▶ [Exercise material]:

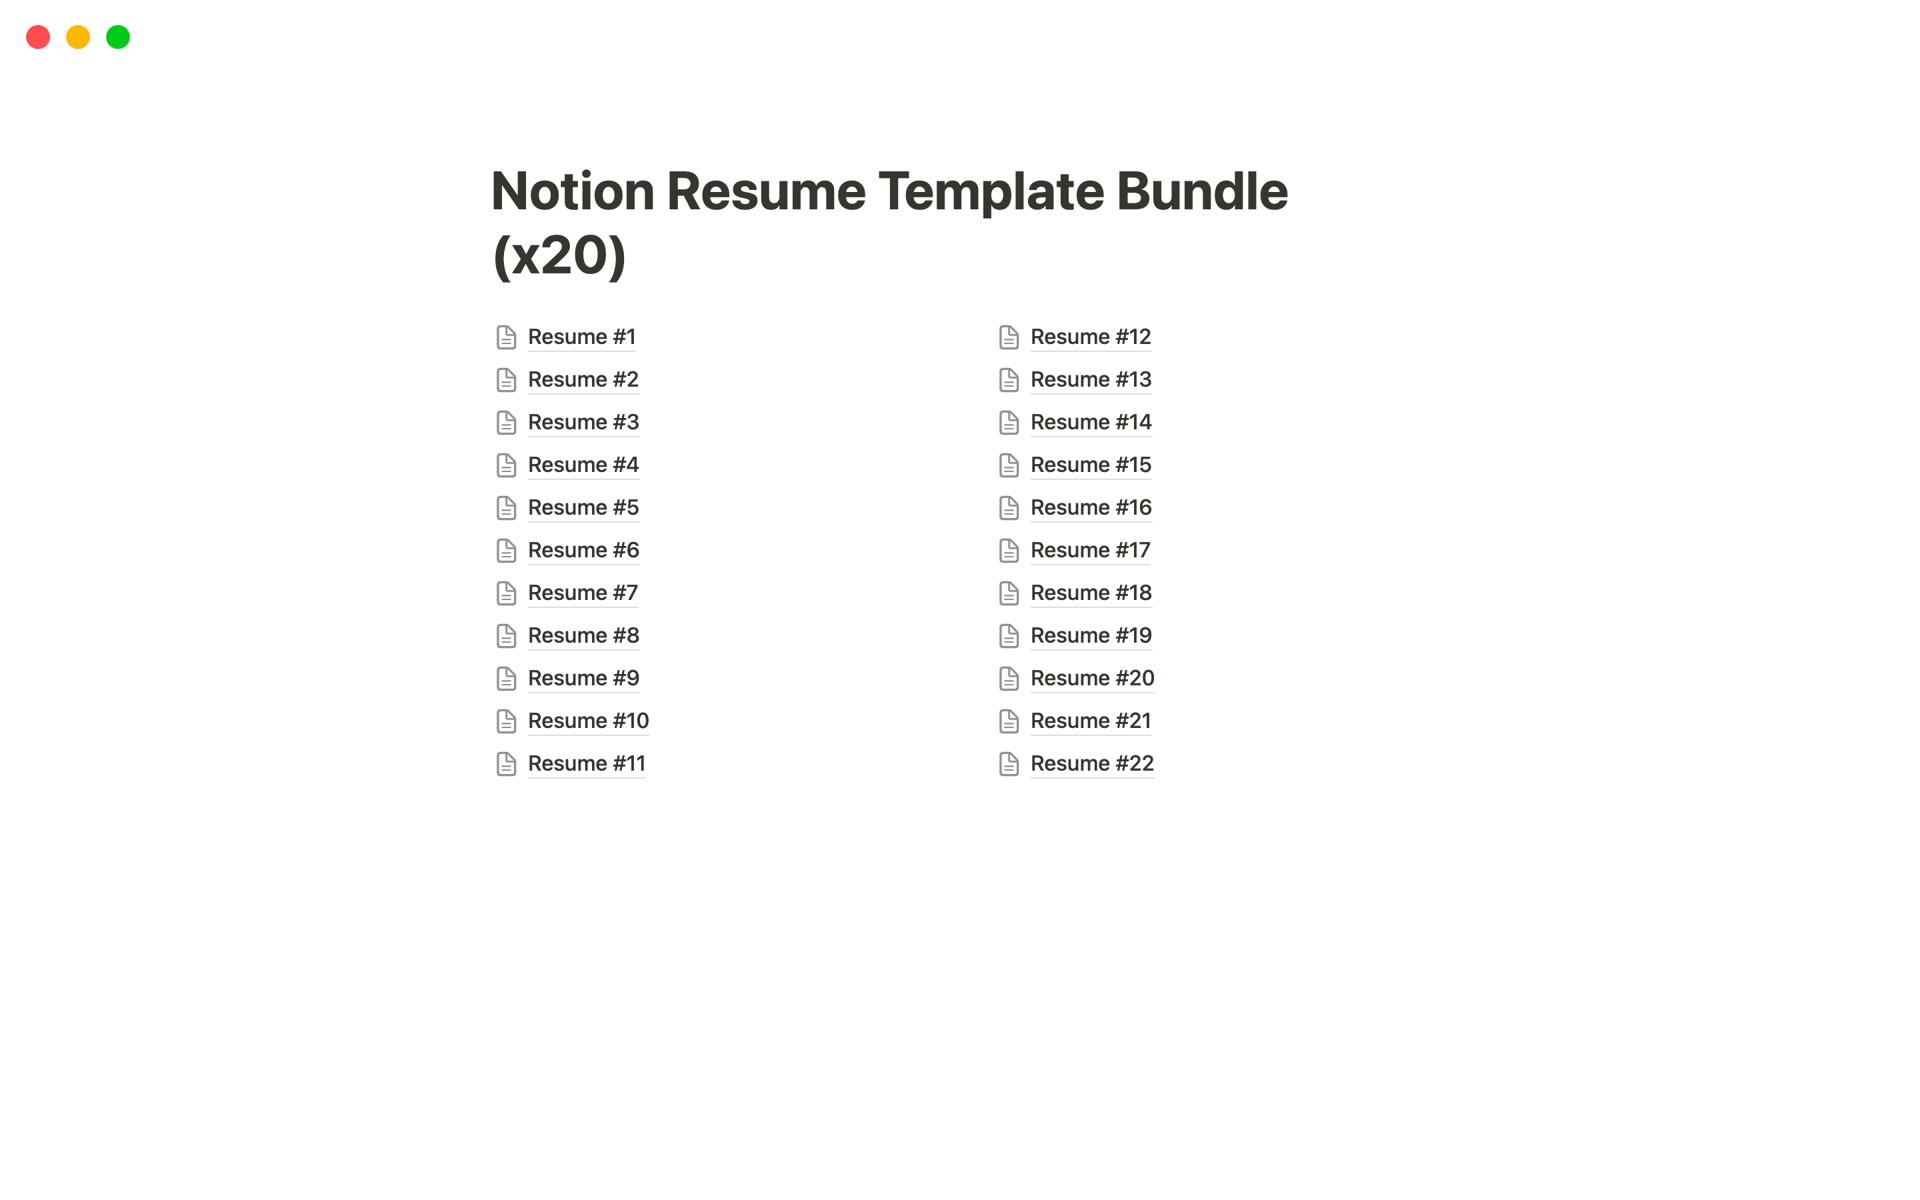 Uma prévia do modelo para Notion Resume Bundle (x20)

--

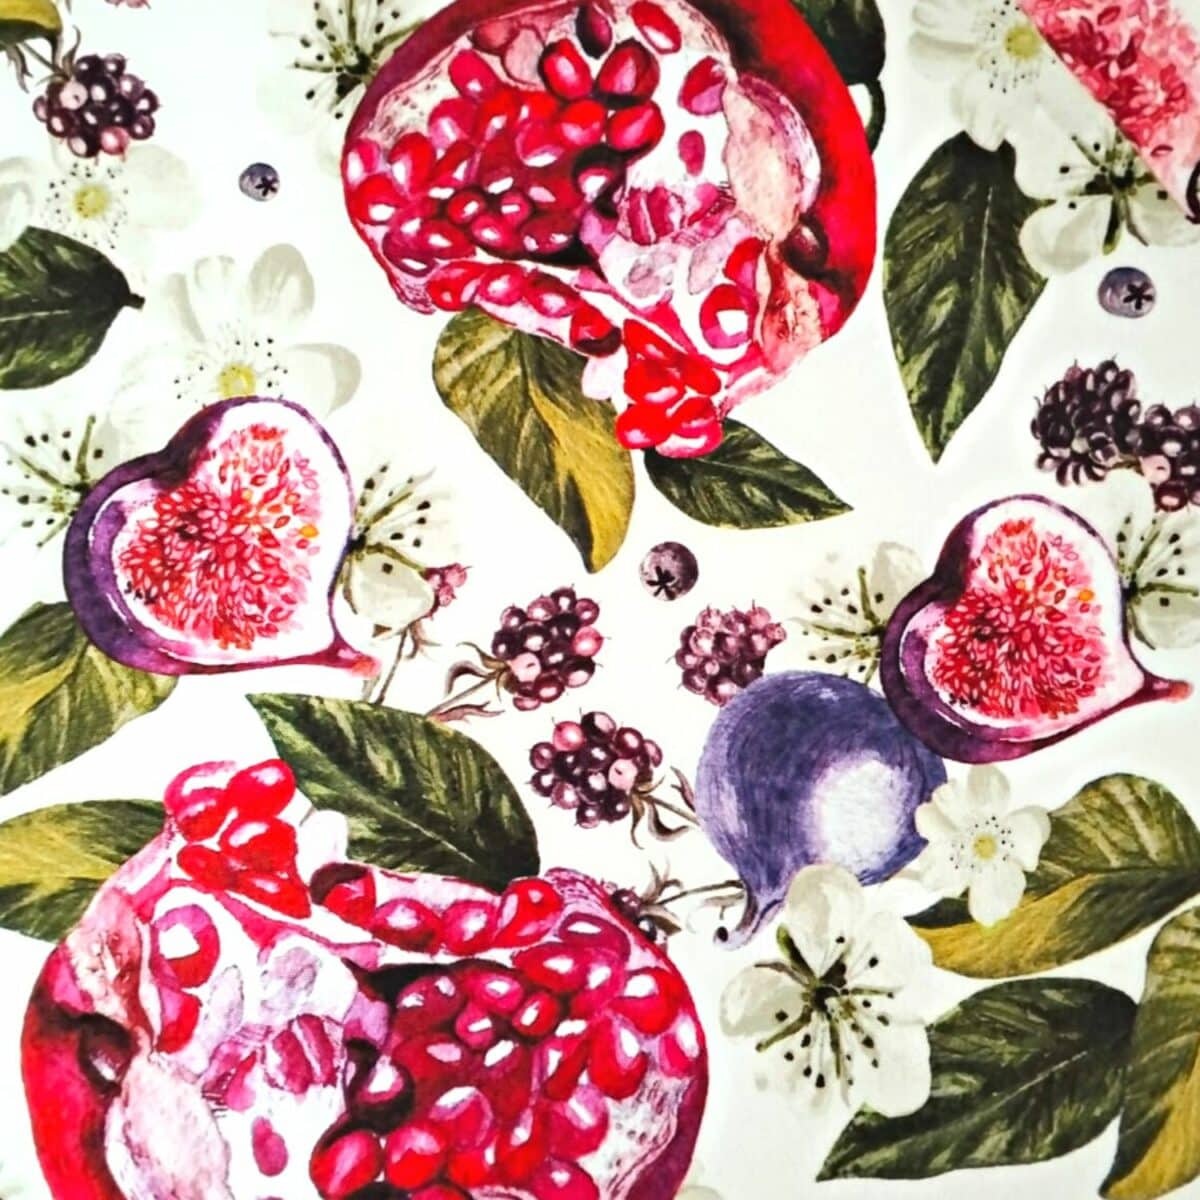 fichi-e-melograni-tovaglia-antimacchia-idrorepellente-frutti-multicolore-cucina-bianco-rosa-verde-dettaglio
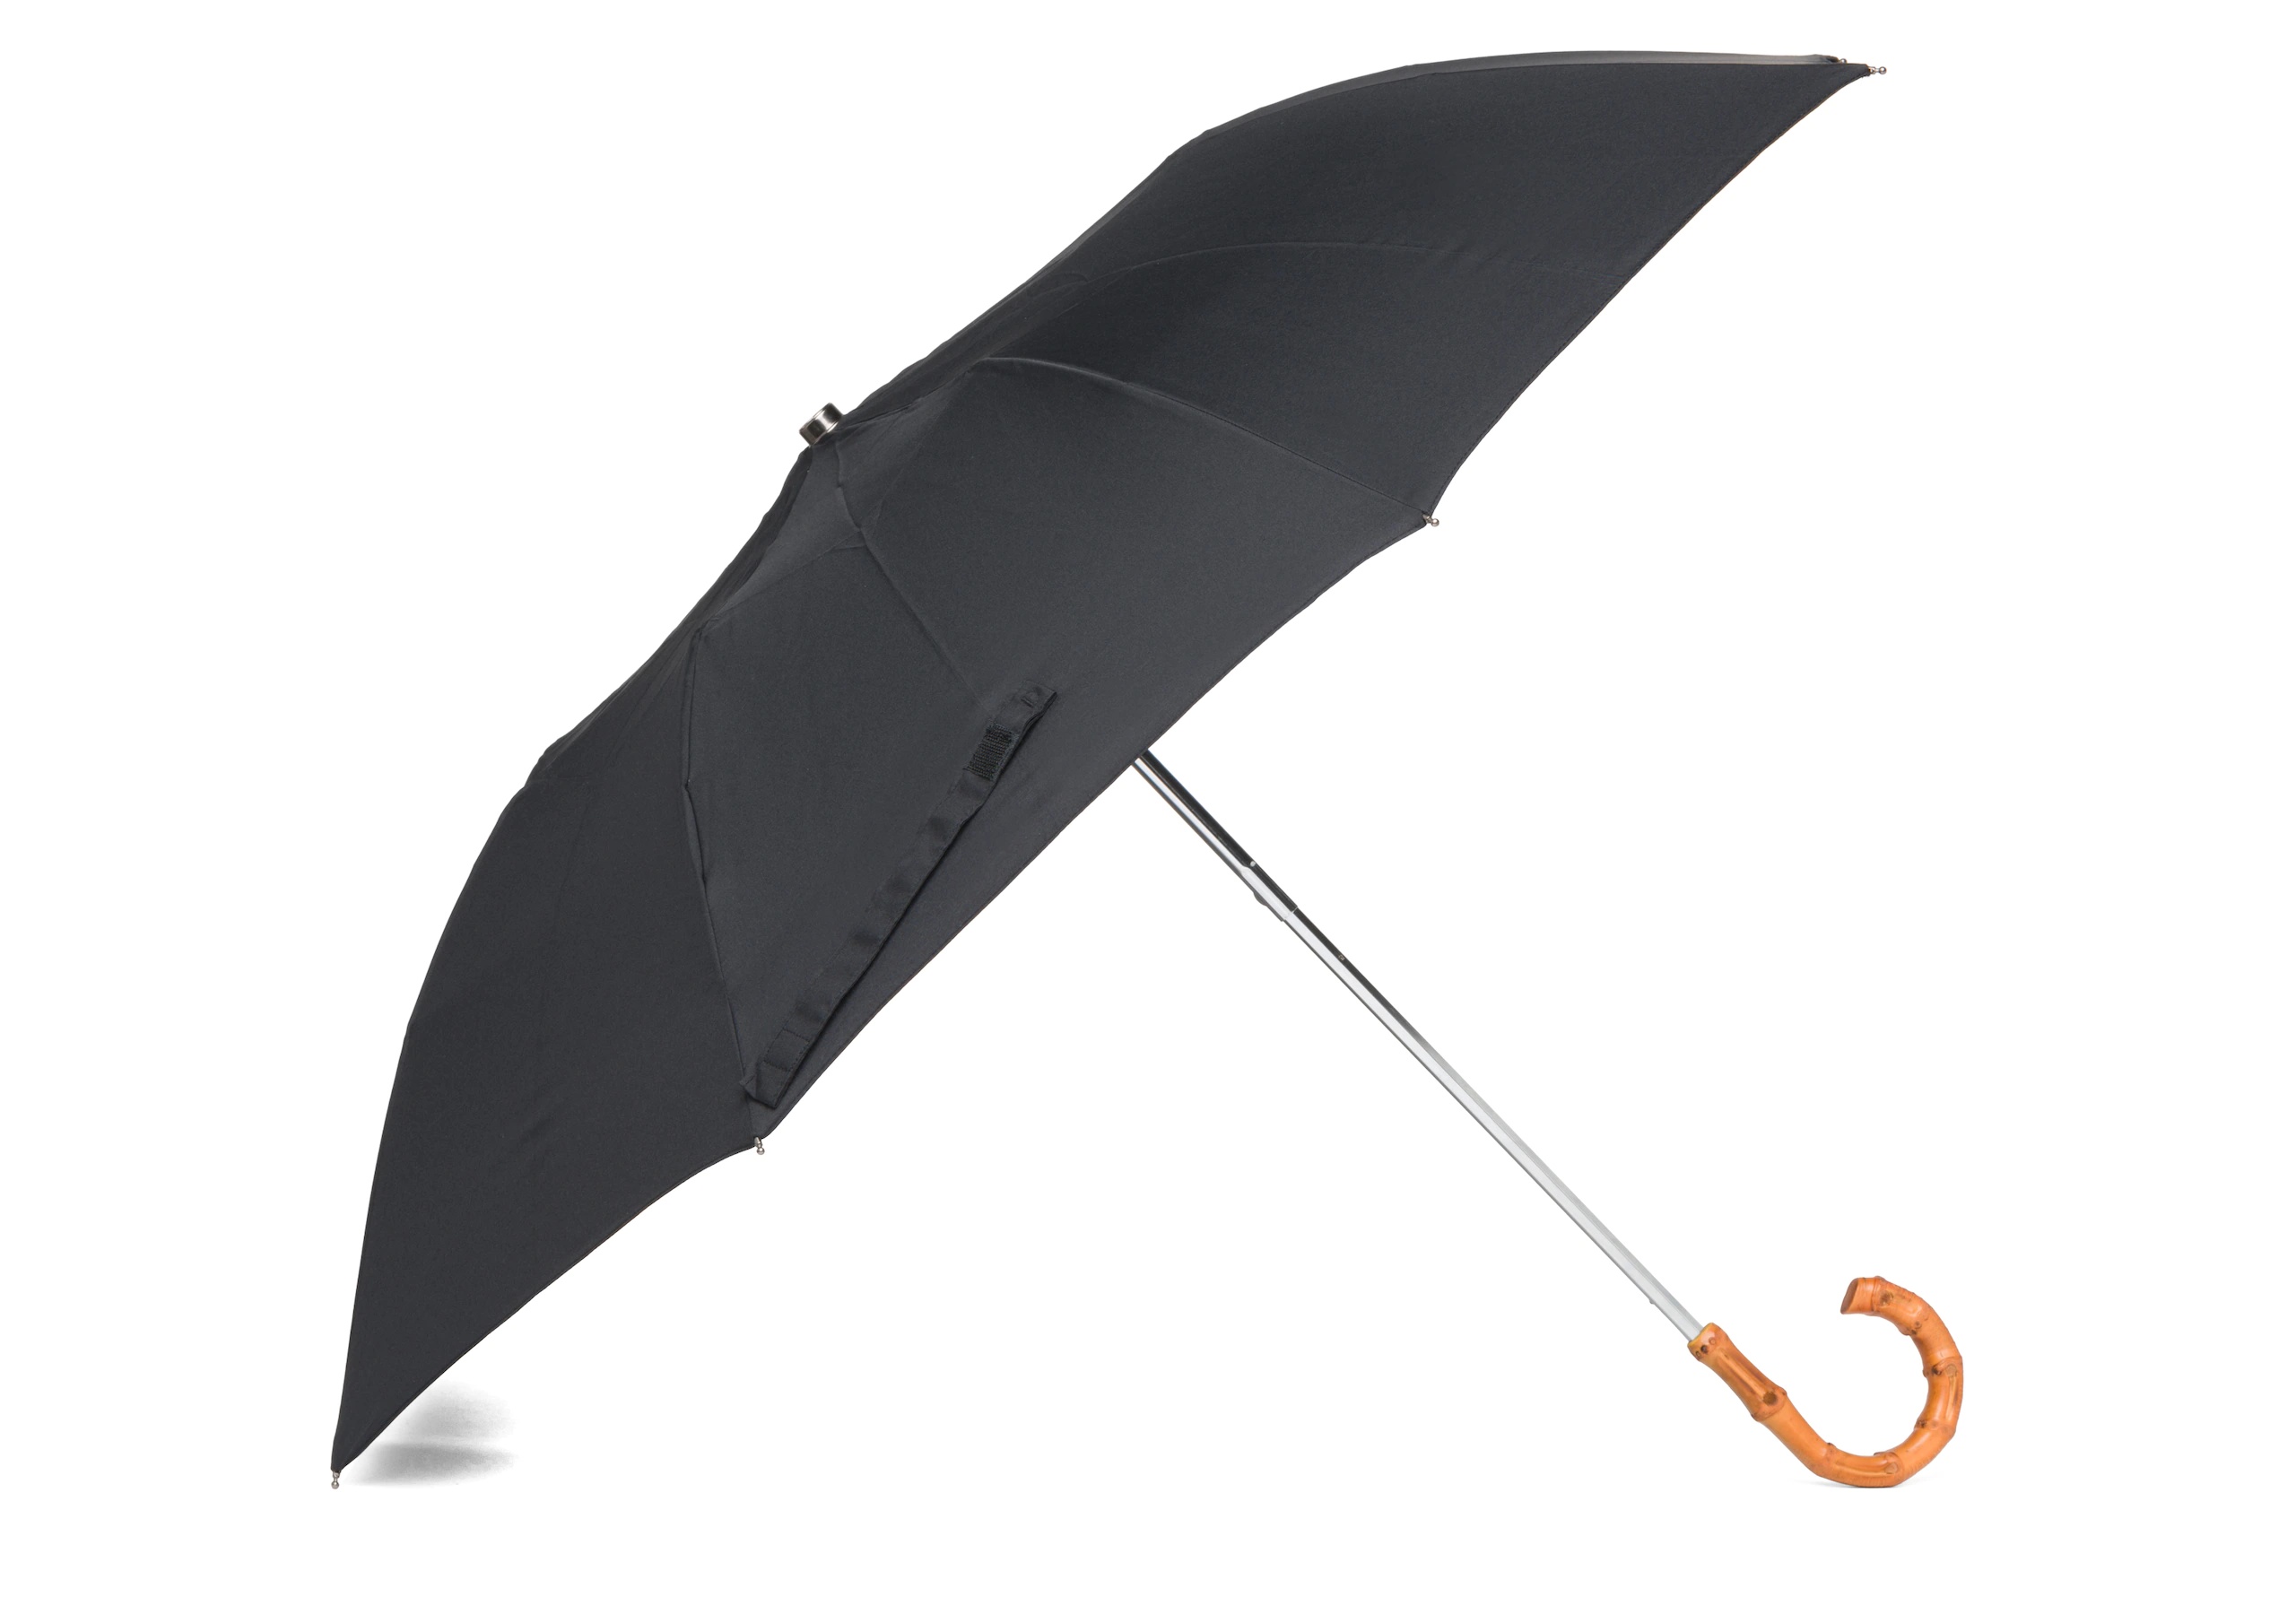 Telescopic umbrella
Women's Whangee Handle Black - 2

▶ [What needs to be done]: Exact copy, no pictures. Write out the lines in the entries above, starting with the line with "Telescopic umbrella" and going on through the line with "Women's Whangee Handle Black - 2", keeping both.

▶ [Answer box]:
 Telescopic umbrella
Women's Whangee Handle Black - 2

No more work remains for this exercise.